Convert multiple date column of a data.table

0
votes

I am trying to convert multiple date columns (with different format) in data.table. There are few method already available. One of the link Efficiently convert a date column in data.table. I was trying using mapply.
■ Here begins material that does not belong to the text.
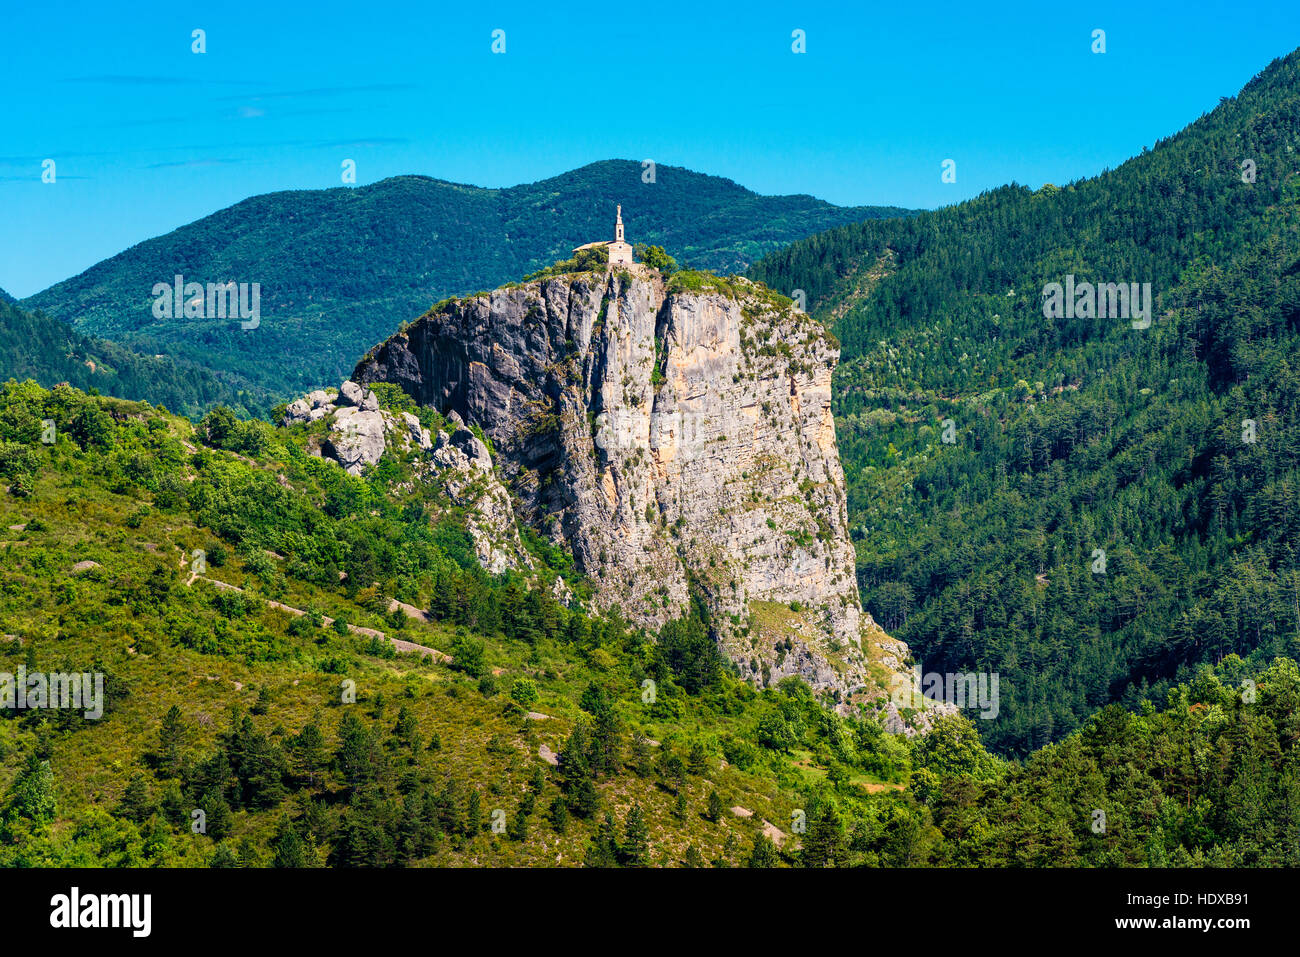 Church on Giant Rock in Castellane Southern France Stock Photo

But got the following error:

Error in [.data.table(df, , :=((paste0(dtVar, "")), mapply(function(x, : Supplied 12 items to be assigned to 6 items of column 'X1'. If you wish to 'recycle' the RHS please use rep() to make this intent clear to readers of your code.

library(data.table)

# sample data
df <- data.table(
  X1 = c("1996-01-04", "1996-01-05", "1996-01-08", "1996-01-09", "1996-01-10", "1996-01-11"), 
  X2 = c("02/01/1996", "03/01/1996", "04/01/1996", "05/01/1996", "08/01/1996", "09/01/1996"), 
  stringsAsFactors = FALSE)


# convert date columns
dtVar <- c("X1", "X2")
inDtFmt <- c("%Y-%m-%d","%d/%m/%Y")

df[,(dtVar) := mapply(function(x,y){strptime(df[[x]], format = y)}, dtVar, inDtFmt)]

## Further investigation
mm <- mapply(function(x,y){strptime(df[[x]], format = y)}, dtVar, inDtFmt)

str(mm)
List of 2
# $ X1: POSIXlt[1:6], format: "1996-01-04" "1996-01-05" "1996-01-08" "1996-01-09" ...
# $ X2: POSIXlt[1:6], format: "1996-01-02" "1996-01-03" "1996-01-04" "1996-01-05" ...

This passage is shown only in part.